[[ INPUT MATERIAL, beginning ]]

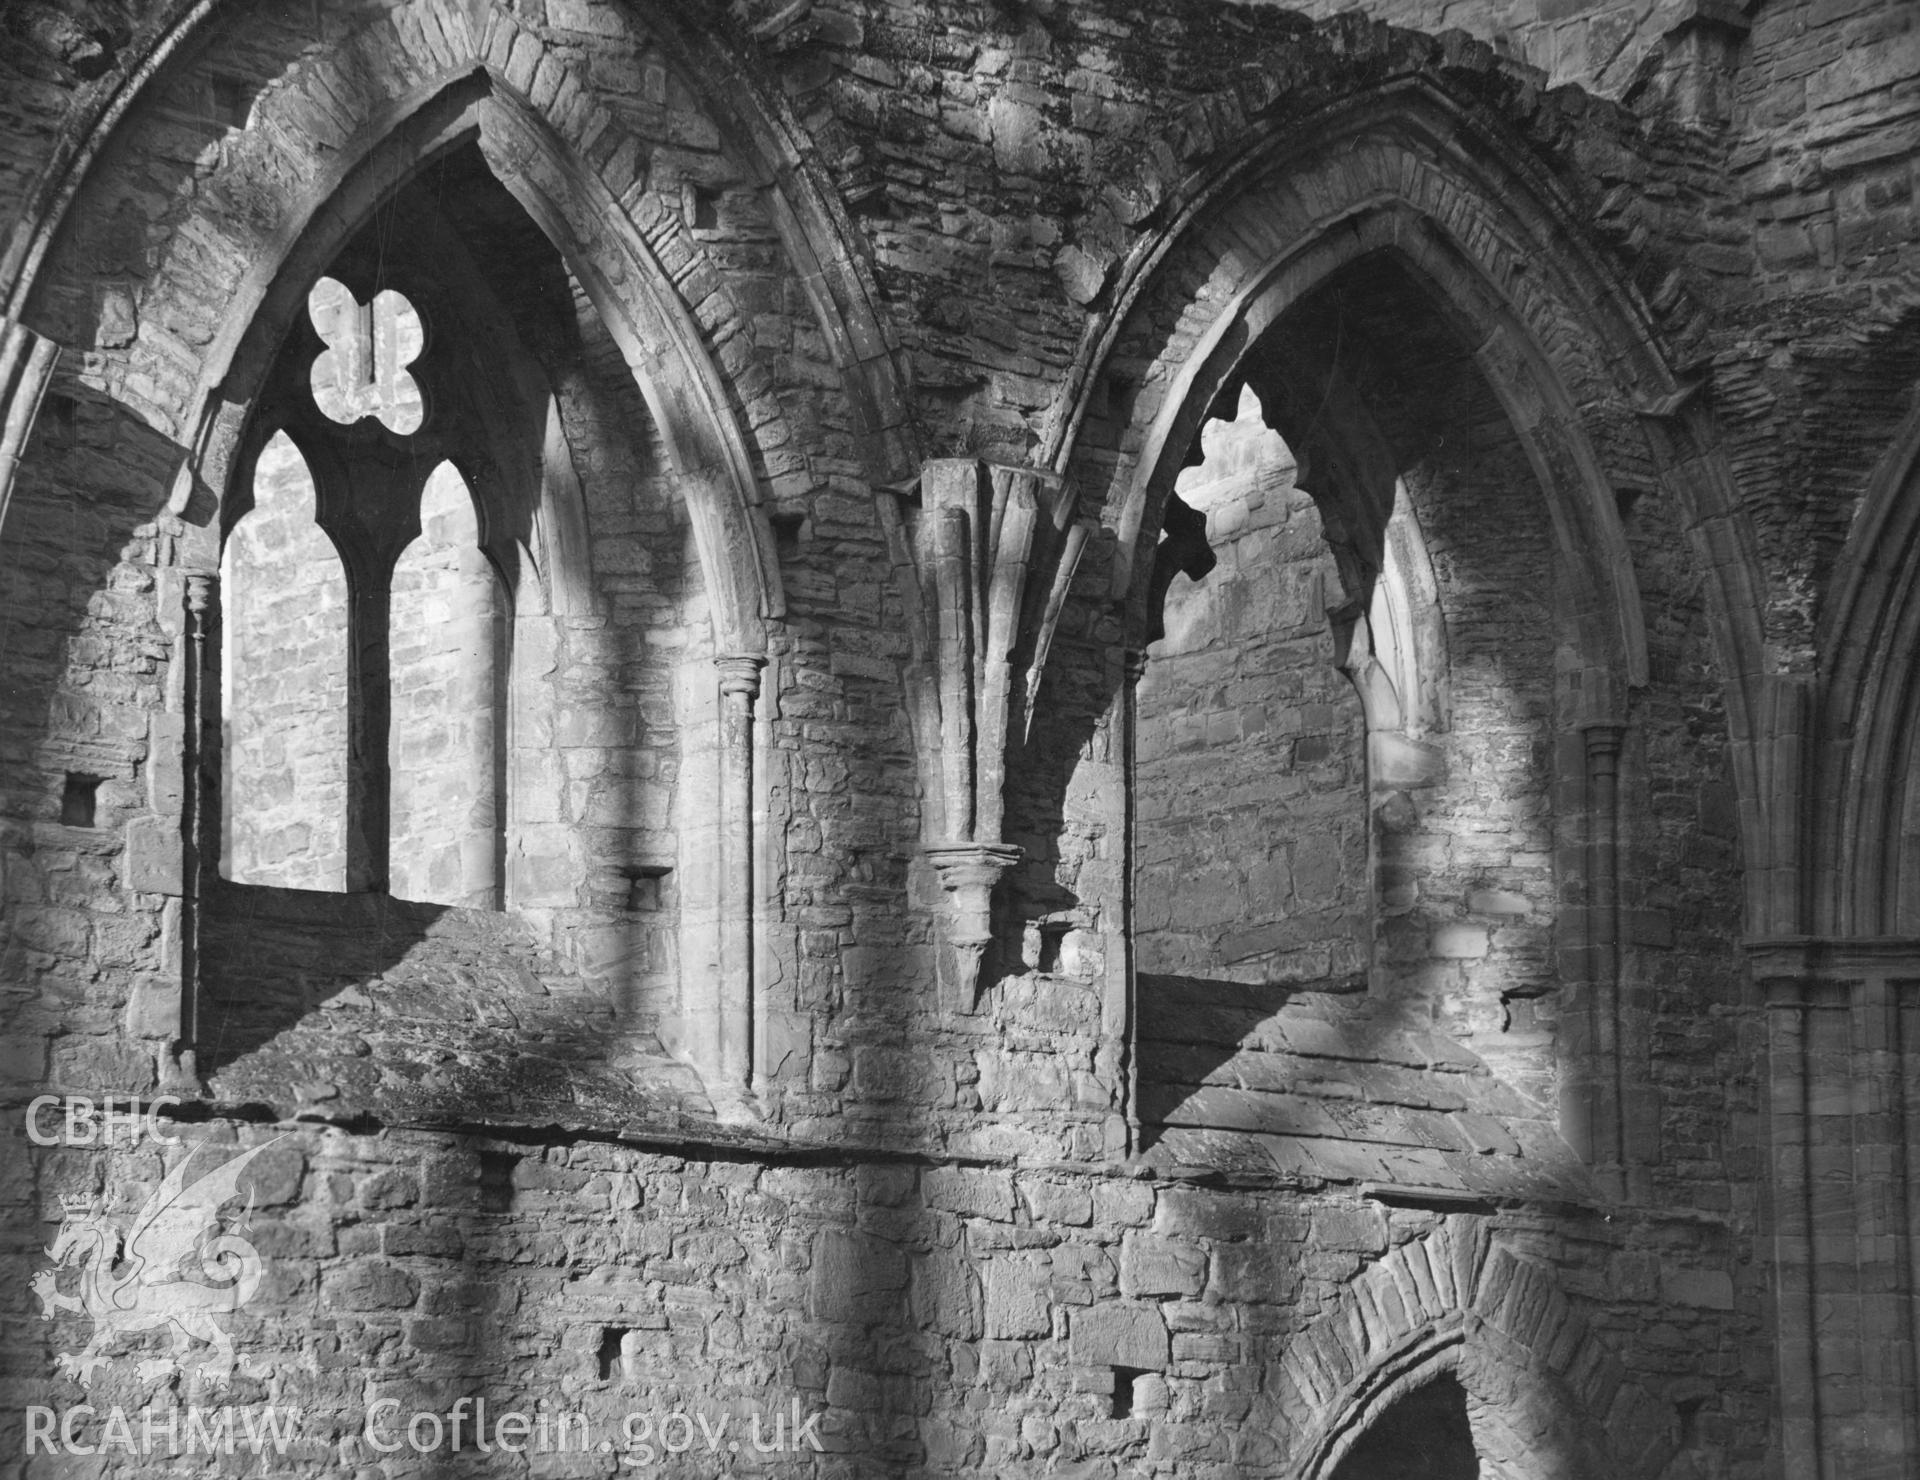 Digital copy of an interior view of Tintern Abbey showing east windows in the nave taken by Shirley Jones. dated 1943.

[[ INPUT MATERIAL, end ]]
[[ INPUT MATERIAL, beginning ]]

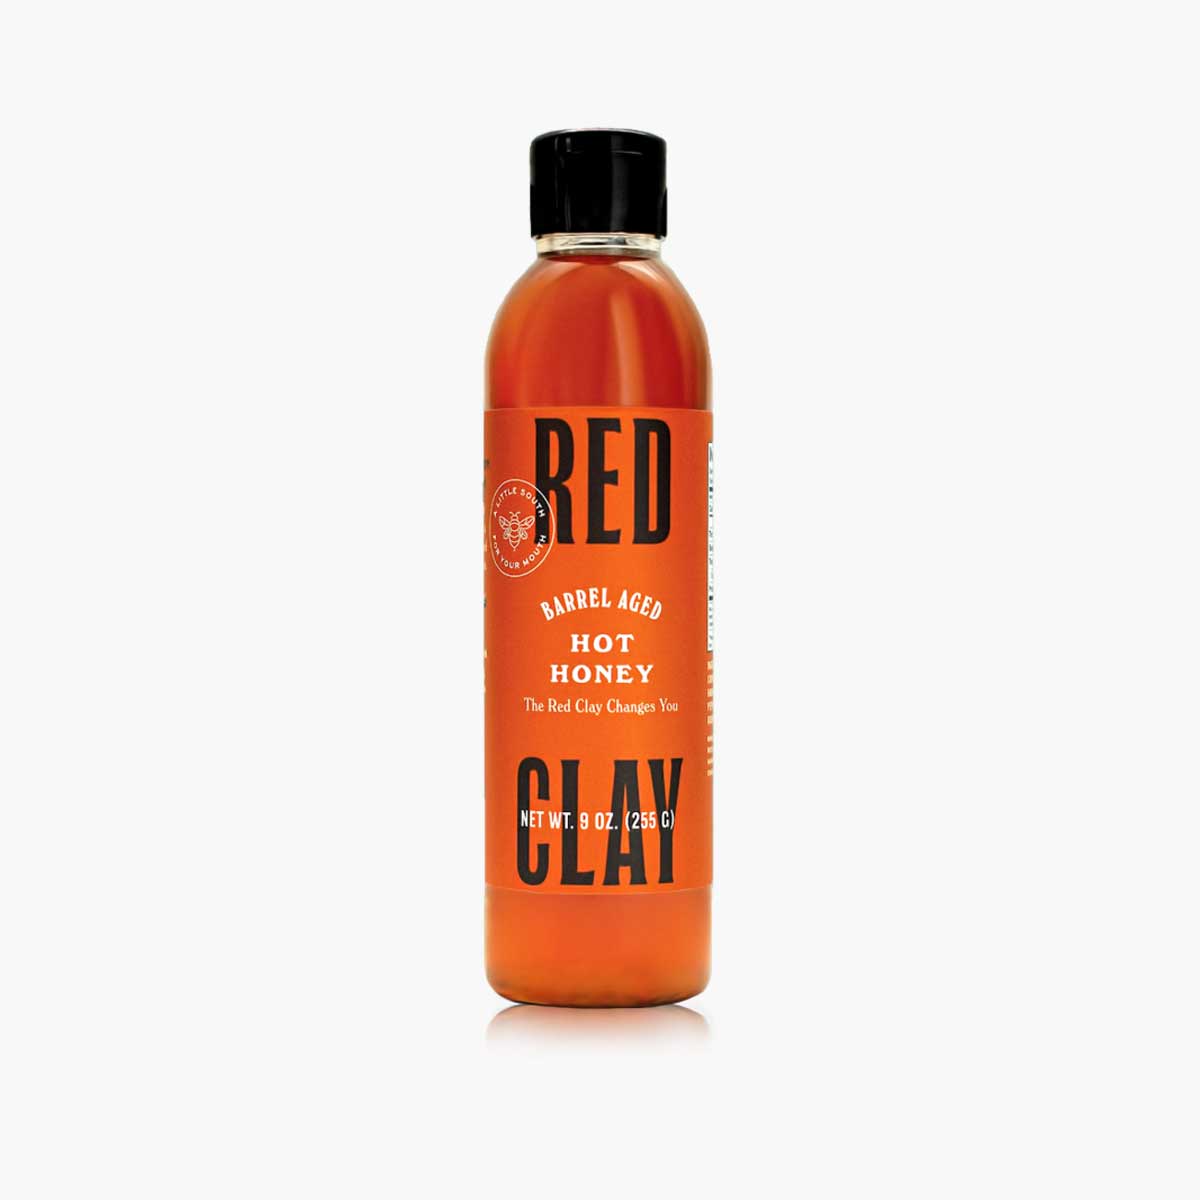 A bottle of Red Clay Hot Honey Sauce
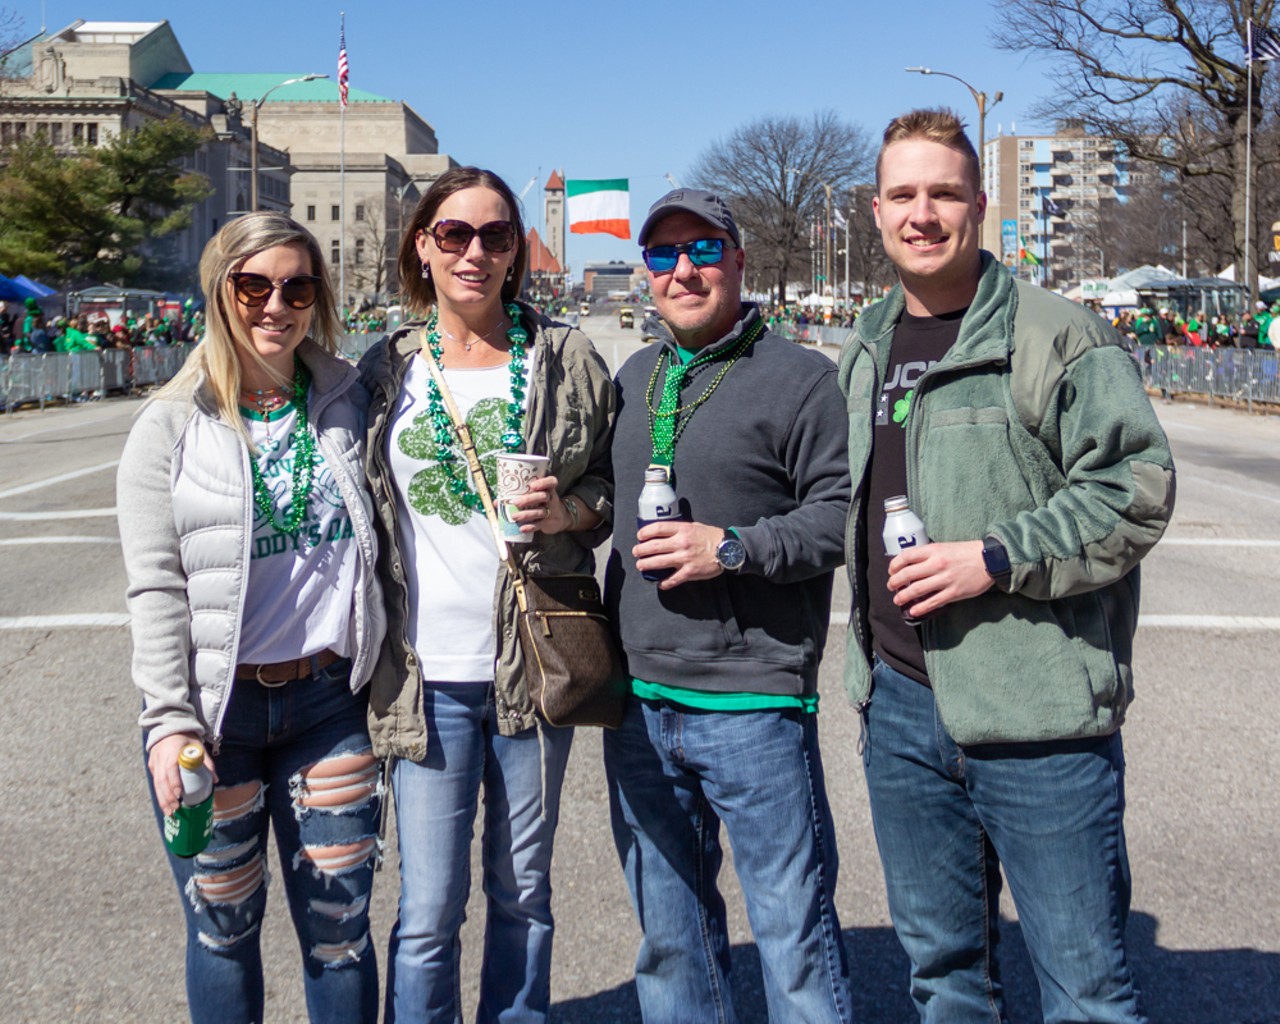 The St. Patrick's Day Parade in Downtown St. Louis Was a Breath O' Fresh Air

[[ INPUT MATERIAL, end ]]

▸ PROBLEM DETAILS: Take the lines above starting at the one containing "A bottle of Red Clay Hot Honey Sauce" and ending at the one containing "The St. Patrick's", and print them again exactly, without pictures.

▸ RESPONSE BELOW:
 A bottle of Red Clay Hot Honey Sauce
 The St. Patrick's Day Parade in Downtown St. Louis Was a Breath O' Fresh Air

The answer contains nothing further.